– Но ведь у него был брат, – заметил Алан. – Он стал владельцем дома?
– Жан-Клод умер через несколько лет в Новом Орлеане. С ним-то как раз все ясно: оставил после себя целую армию внебрачных детей, рассеянную вдоль Миссисипи. А все по вине распущенности и беззаботной жизни. Поговаривали, его убили во время потасовки в кабаке где-то во французском квартале. Кто знает, как оно было на самом деле. После смерти отца он не получил ни цента. Думаю, многим задолжал. В итоге несчастного ждала участь Оуэнса, деда Лоррейн. Впрочем, злые языки уверяют, что его убил папаша девчонки из высшего общества, у которой он якобы отнял честь, – усмехнулся он. – Жан-Клод был известный проказник. От такого всего можно ждать.
– Все равно не понимаю, – задумчиво проговорил Джим. – Что стало причиной событий в доме? Как они связаны с вашей историей? Не говоря уже о смысле всех этих злодеяний. С тех пор прошло столетие, но…

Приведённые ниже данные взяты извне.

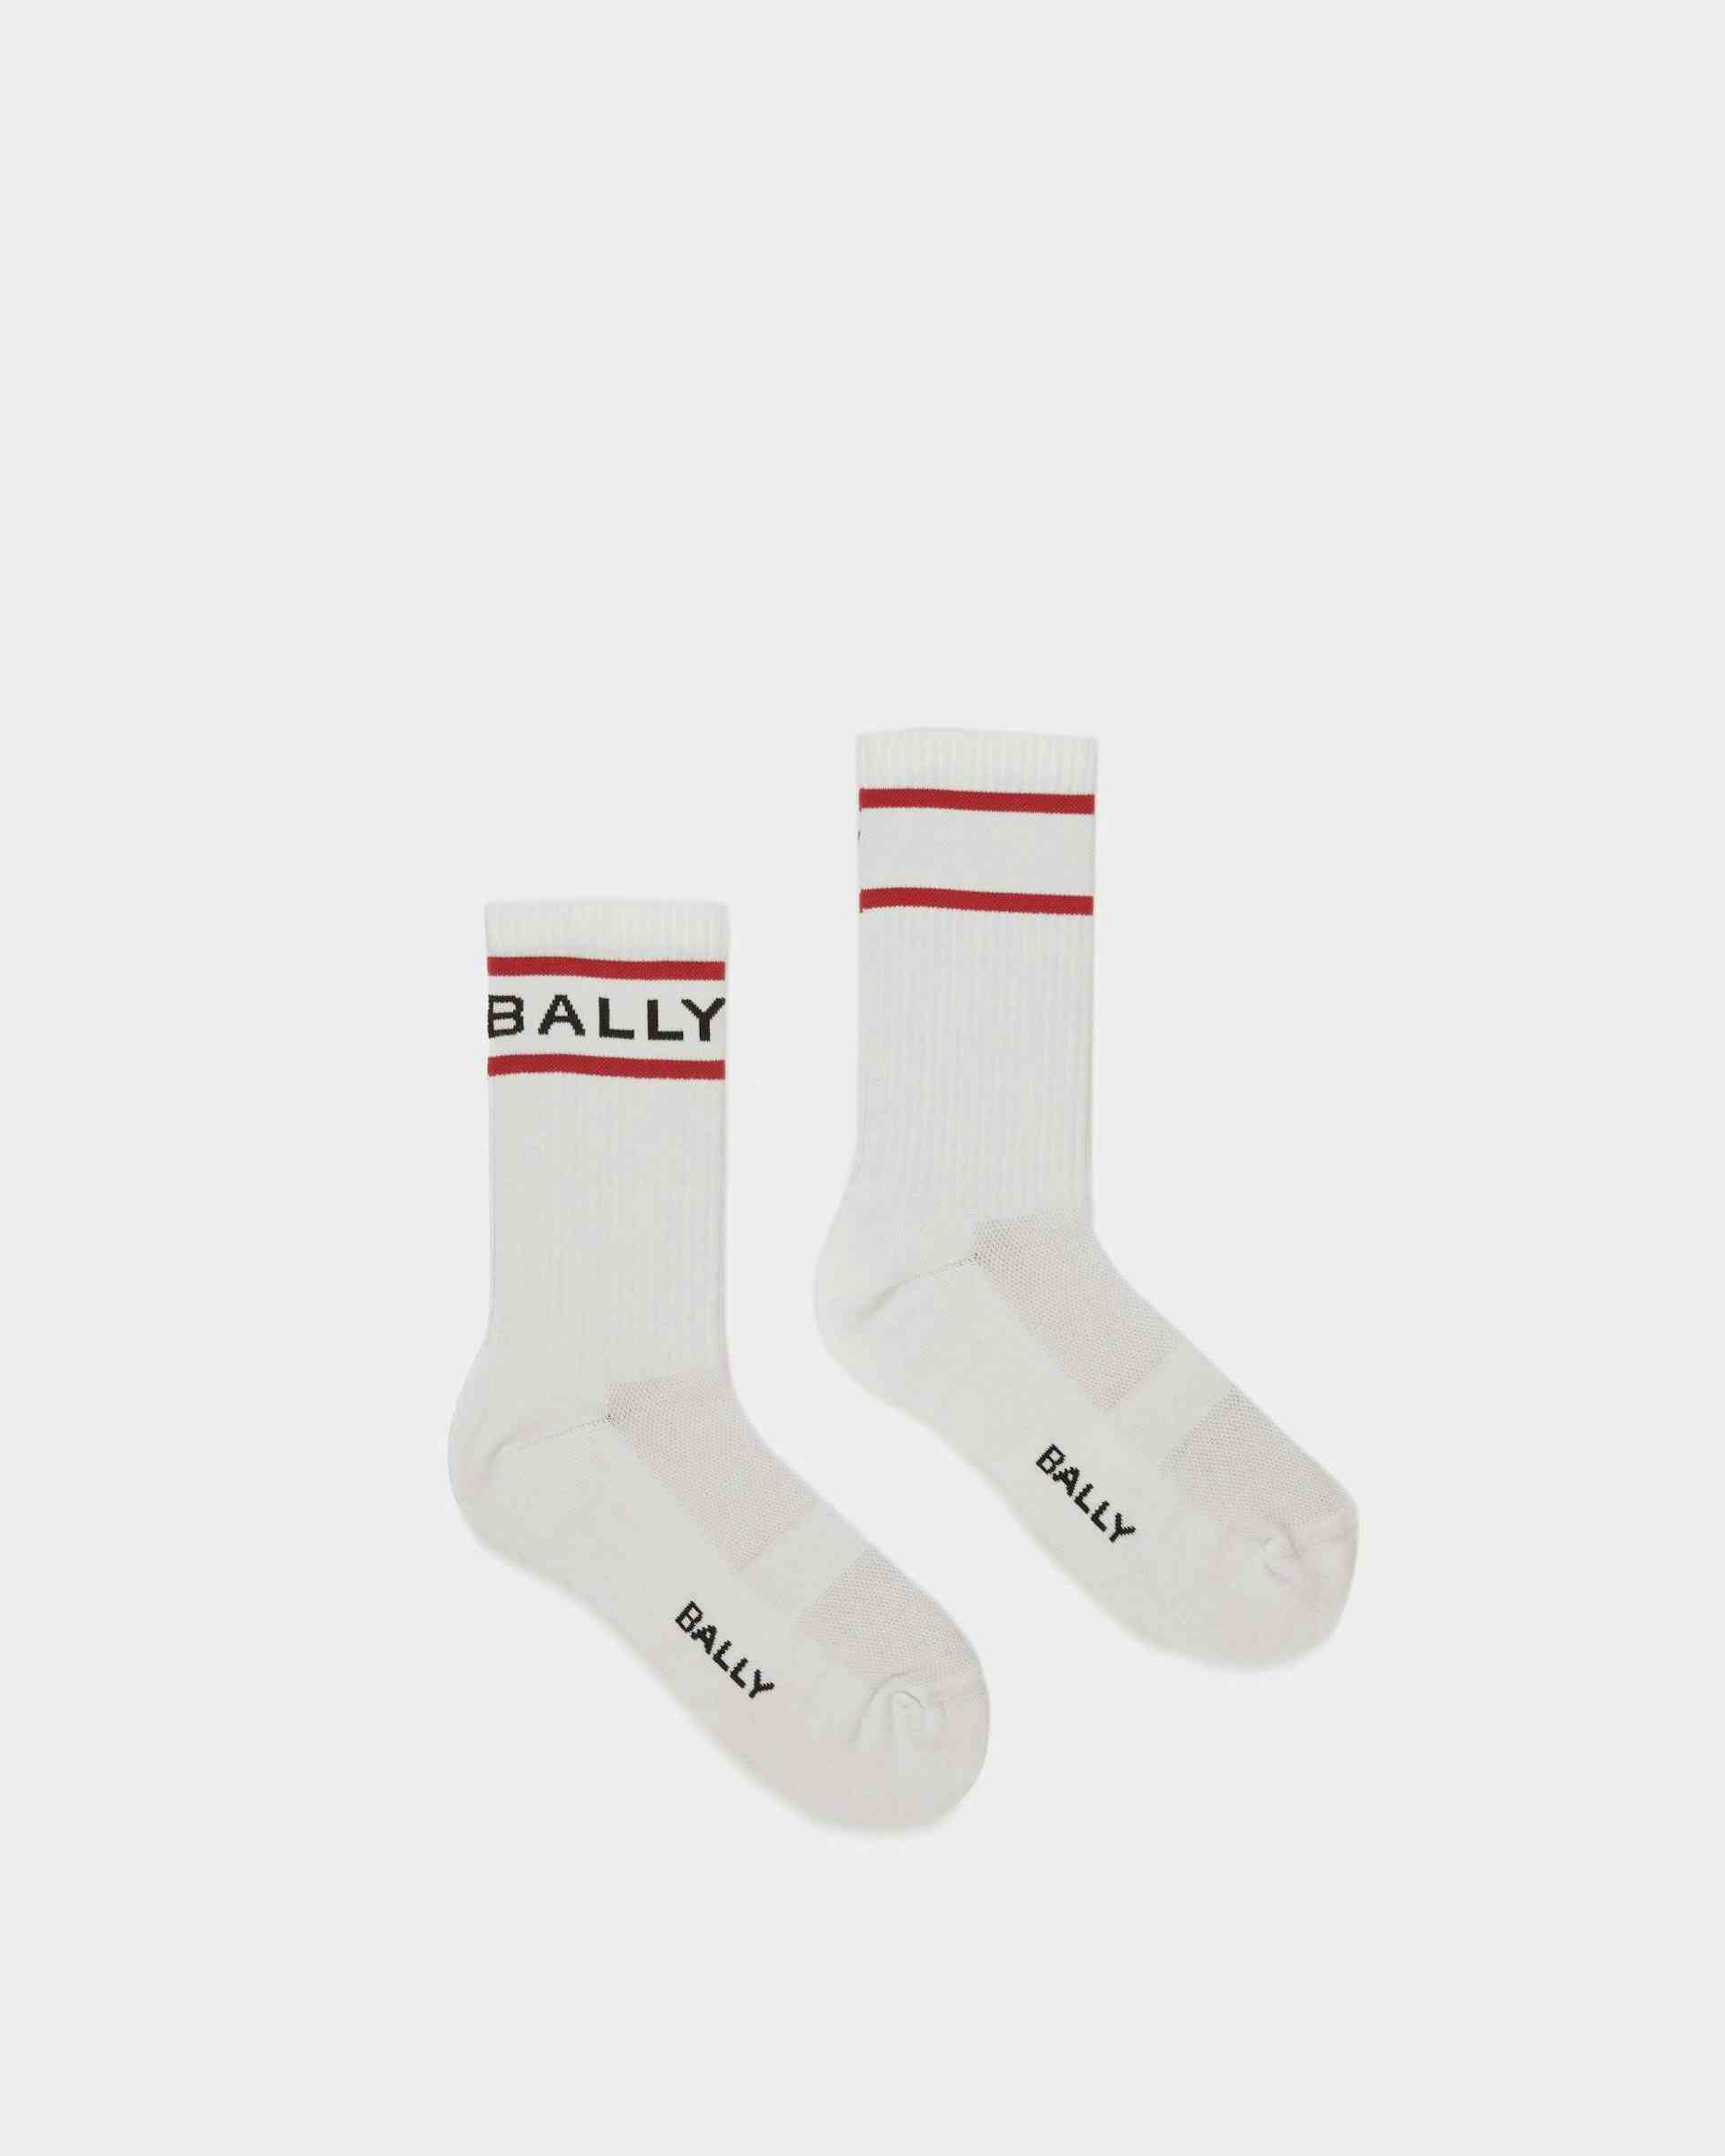 Bally Stripe Socks In White And Deep Ruby - Men's - Bally

Рудольф прервал его движением руки.
– Дом стоял запертый до тех пор, пока не приехал Виктор Берри. И человек этот купил его не потому, что влюбился в его старину, красоту или благородство, мистер Аллен. Этот человек был внуком сестры Джульетты, супруги Тобиаса.
– Вы хотите сказать, что муж Мэри Энн был одной крови с Люсьеном Мори?
Аллен застыл, как восковая фигура, уставившись на старика.
– Он особо и не скрывал. Вряд ли он обсуждал свое происхождение с юной женой, но в городе про это знали. Никто не удивлялся этому факту, никому он не казался странным. Так или иначе, их связывали кровные узы.
Разговор принял неожиданный оборот. Джим и Аллен в замешательстве переглянулись. Они такого не ожидали и теперь не могли прийти в себя от изумления.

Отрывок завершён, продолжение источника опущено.